Jippo 18 — #aComicaDay (36)

Back in the seventies and eighties Dutch kids got to read Joost Swarte comics for free at school.

A mouse is playing a much too big tuba while  Katoen in a Pierrot costume is blowing a far too small trumpet as the dog face Pinbal is conducting

A bit of a cheat as Jippo wasn’t a comic so much as a magazine that also featured comics. It and its stablemates Okki (for children just starting primary school) and Taptoe (for the oldest primary school students) were edutainment magazines sold directly to schools, orginally started as proper Catholic publications but by the seventies this was long gone. Of the three, only Okki is still being published; Jippo only lasting to 1984, Taptoe to 2016. Because there was a bit of a gap between Okki and Taptoe, in 1974 Jippo was created for children in the middle years of primary school. Joost Swarte was there from the start with his series Katoen en Pinbal.

Katoen en Pinbal was a comedy series about the clown in Pierrot costume Katoen and the dog in tuxedo Pinbal, who get into various adventures, as in this issue where they are in the middle of a story in which they got suddenly incredibly rich and no longer like it. If you’ve seen any of Swarte’s more adult work, this is pretty much a version aimed at children. Some of it has been translated into English by Fantagraphics; it’s worth checking out if you like Swarte.
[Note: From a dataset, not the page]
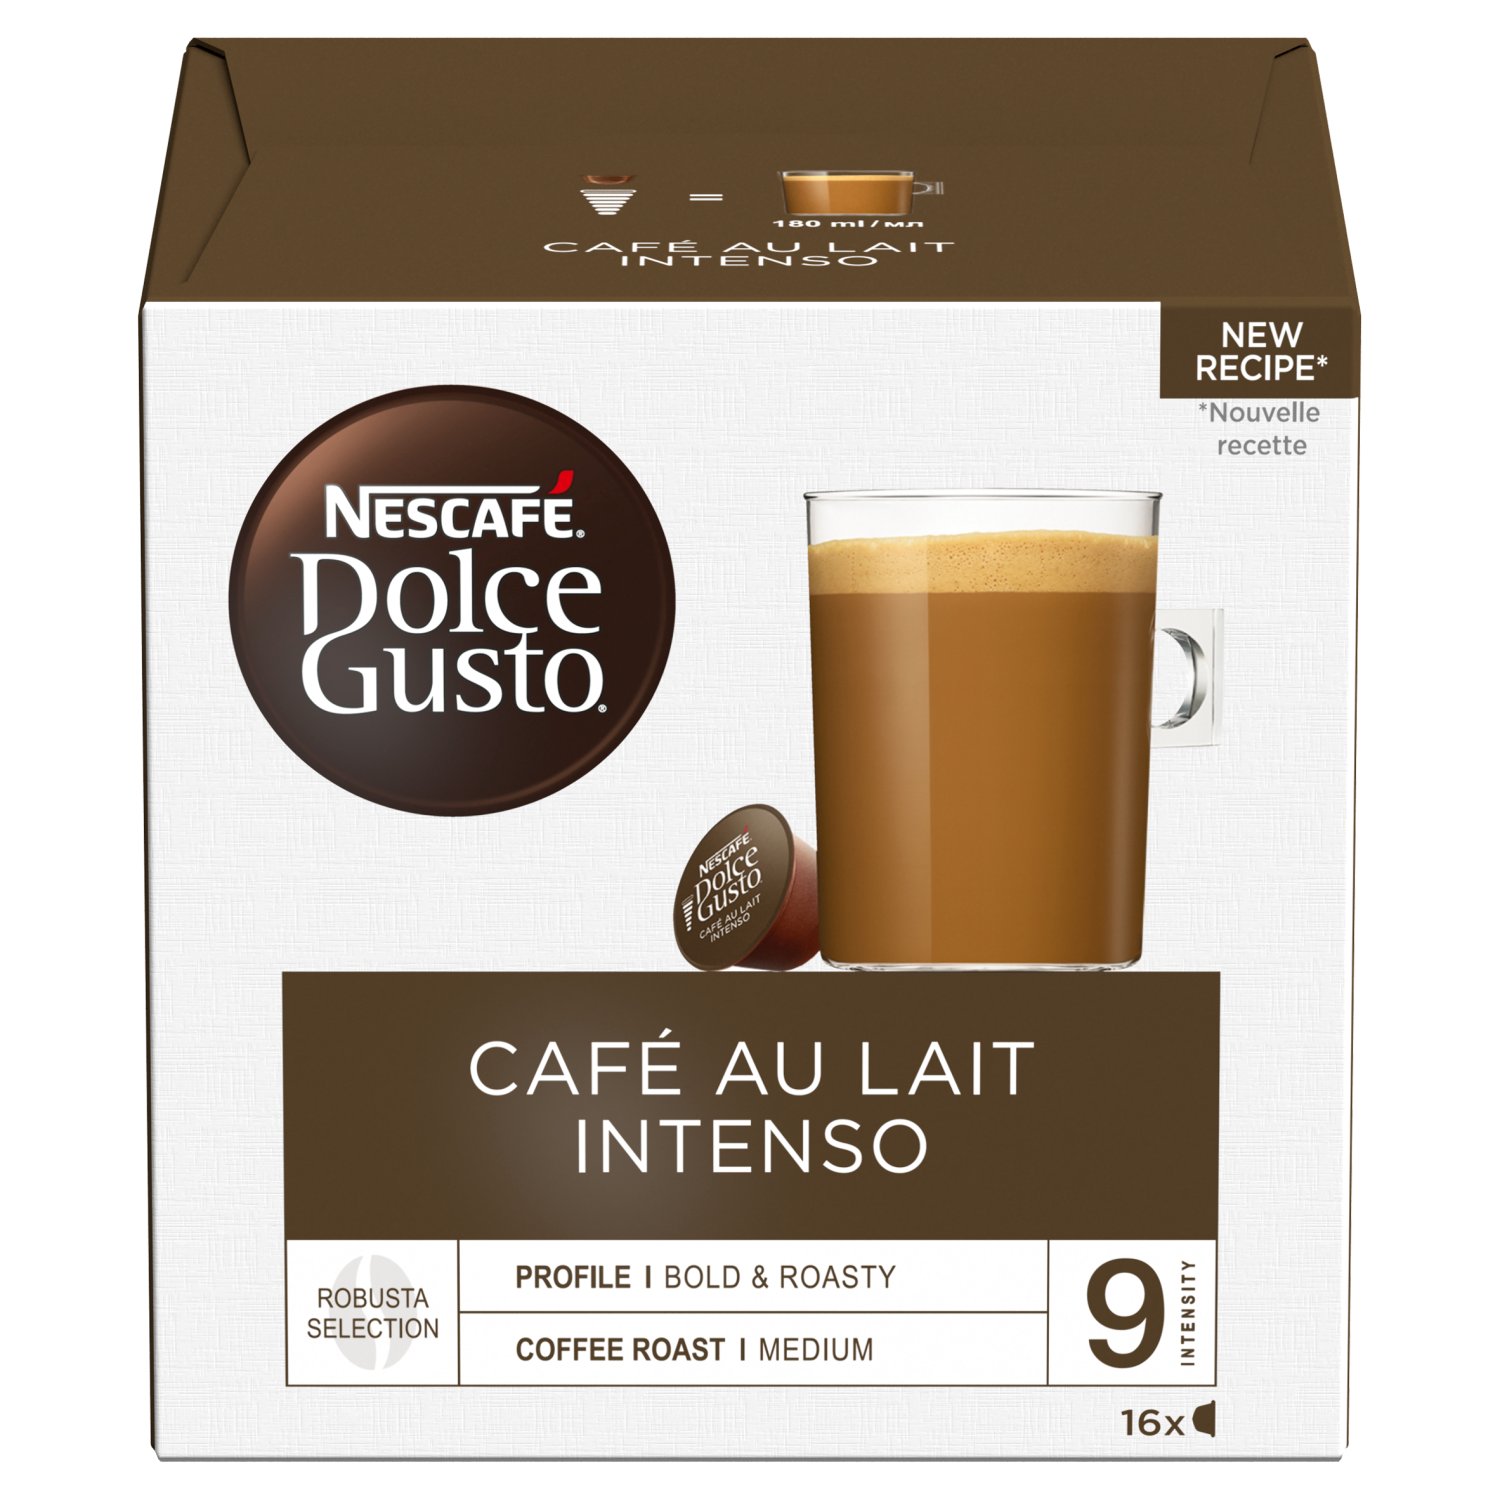 Discover NESCAFÉ® Dolce Gusto® Café au Lait, a harmonious balance of intense coffee and smooth milk, already prepared in a single capsule, for you to enjoy perfect mug-sized coffee (180 ml) in a minute.

The box contains 16 capsules designed for NESCAFÉ® Dolce Gusto®' capsule coffee machines for you to prepare 16 mugs of Café au Lait.

All these three magazines were a lifeline for a lot of Dutch cartoonists like Swarte for decades. Not only did it provide a steady paycheck for those featured in it, certain authors like Fred Julsing did some of their best work for them. As a kid I read all three of them because my school had a subscription, even after I graduated, through my younger siblings. Though I don’t necessarily consciously remember much of the comics in them, I’m sure it has been influencing my taste at least subconsciously…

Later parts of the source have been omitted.